O is for Overtaking | Even though the Singapore Grand Prix is mostly run on a narrow street circuit, it's far from being a procession. Watch turns seven and 14 where cars will engage in slip-streaming battles on straights around tight corners.
Q is for Qualifying | Qualifying sessions determine the grid position of racers during the actual race. The winners of the Singapore Grand Prix from 2009 to 2011 have all started from pole position, so a good performance in the qualifiers does offer a bit of an advantage.
R is for Road shows | In a bid to bring the Grand Prix closer to fans, The Big Race is out for the search of Singapore’s fastest virtual driver. Held over four roadshows from 31 August to 14 Sept, finalists will get to team up with MediaCorp celebrities Joanne Peh, Qi Yiwu, Pei Fen and Romeo Tan for the finale.
S is for Scuderia Ferrari | From the days of Ascari and Fangio, to Surtees and Lauda, to Schumacher, through to Alonso, Ferrari has been a constant force in the Formula One World Championship since it began in 1950. Along the way, they've picked up 15 Drivers' Championships and 16 Constructors' Championships.
T is for Trophy | This year, RISIS, a Singapore company (about time we say!) was commissioned to design the Grand Prix trophy. The elegant trophy, inspired by the Singapore skyline, captures the actual shape of the circuit when viewed from the top.

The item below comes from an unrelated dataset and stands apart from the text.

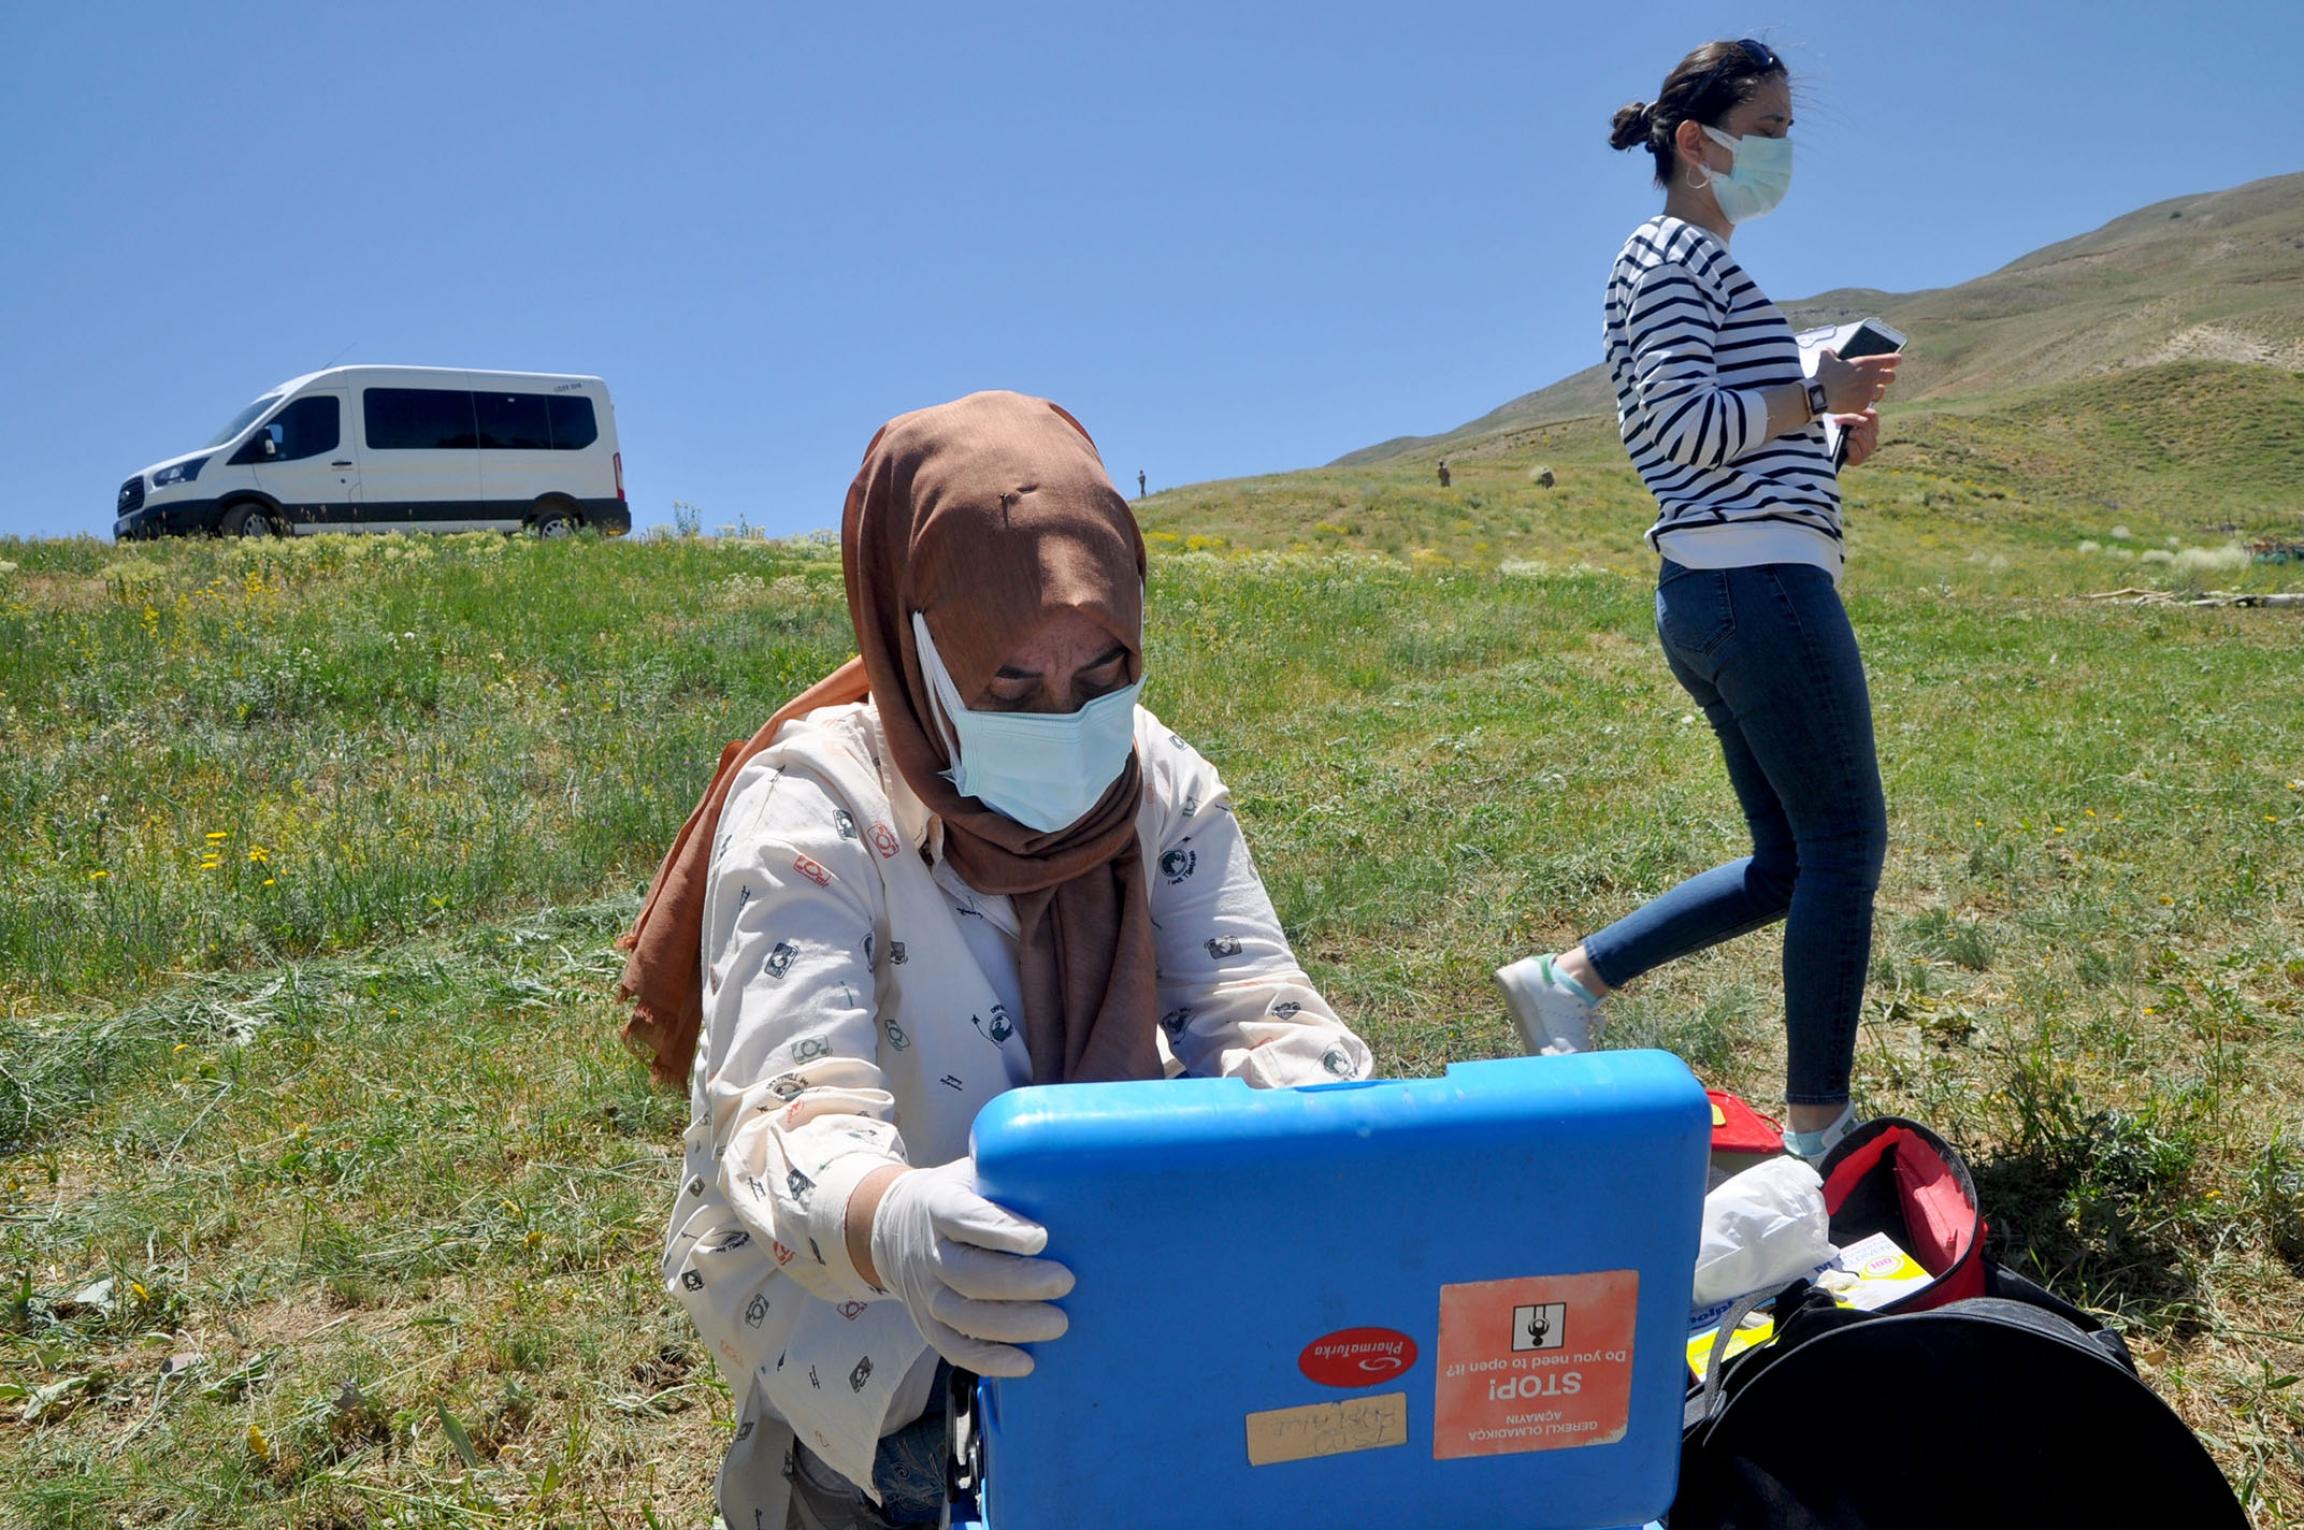 A health worker unloads equipment to vaccinate sheepherders in Ömerova, a village in Turkey's eastern Kurdish region.

U is for Unmarried Maestro | He was a bachelor right until his death in 1995 at the age of 84, but Juan ‘Maestro’ Fangio was the driver many men envied. He had balls and he was wildly popular with women. Fangio won five Formula One World Drivers Championships and held that record for 46 years until Michael Schumacher surpassed it. He was considered the oldest winner by the time he won his last title at the age of 46 in 1957, and still holds this ‘record’. In his time racing Formula One, the Argentinian took part in 51 races and won 24 of them. He was on the podium 70 percent of the time and his feats were all the more legendary considering the dangerous tracks in those days - and all he had was a helmet and goggles for safety.
V is for Vettel | The winner of the past three F1 titles apparently loves racing in Singapore. He said on record last year: “Singapore is one of the highlights on the calendar, because the atmosphere of a night race is amazing. I also like it because the track is really great to race on - which is partly to do with the fact that we race anti-clockwise there. It is a fascinating city to visit and everything seems to be extremely clean and tidy.&rdquo
W is for Walkabout | The most affordable tickets to the race won't guarantee you a seat or even half-decent views, but you will get to enjoy all the festivities. This year, Bleachers will be positioned strategically throughout Zone 4 to provide Walkabout ticket holders with views of the cars racing past Singapore’s most iconic landmarks.
X is for Xbox 360 |The race weekend in Singapore comes and goes in the blink of an eye, but you can keep the action going all year long with the F1 2013 due to be released in October 2013 (also available on PS3 and PC, of course).
Y is for Yellow Flag | This is something most racing fans don't want to see - apart from those who watch just for crashes - as the yellow flag indicates danger ahead. When this flag is waved, no overtaking is allowed and the safety car may be deployed depending on the situation.
Z is for zones | Zones play a big role in your Singapore Grand Prix experience, so choose wisely – Zone 1, where the priciest tickets will get you, is along the pit building and start-finish straight; Zone 2 is the Helix Bridge which links the circuit to Marina Bay Sands; Zone 3 encompasses the Bay Grandstand; and Zone 4 is made up of the Padang and Esplanade areas.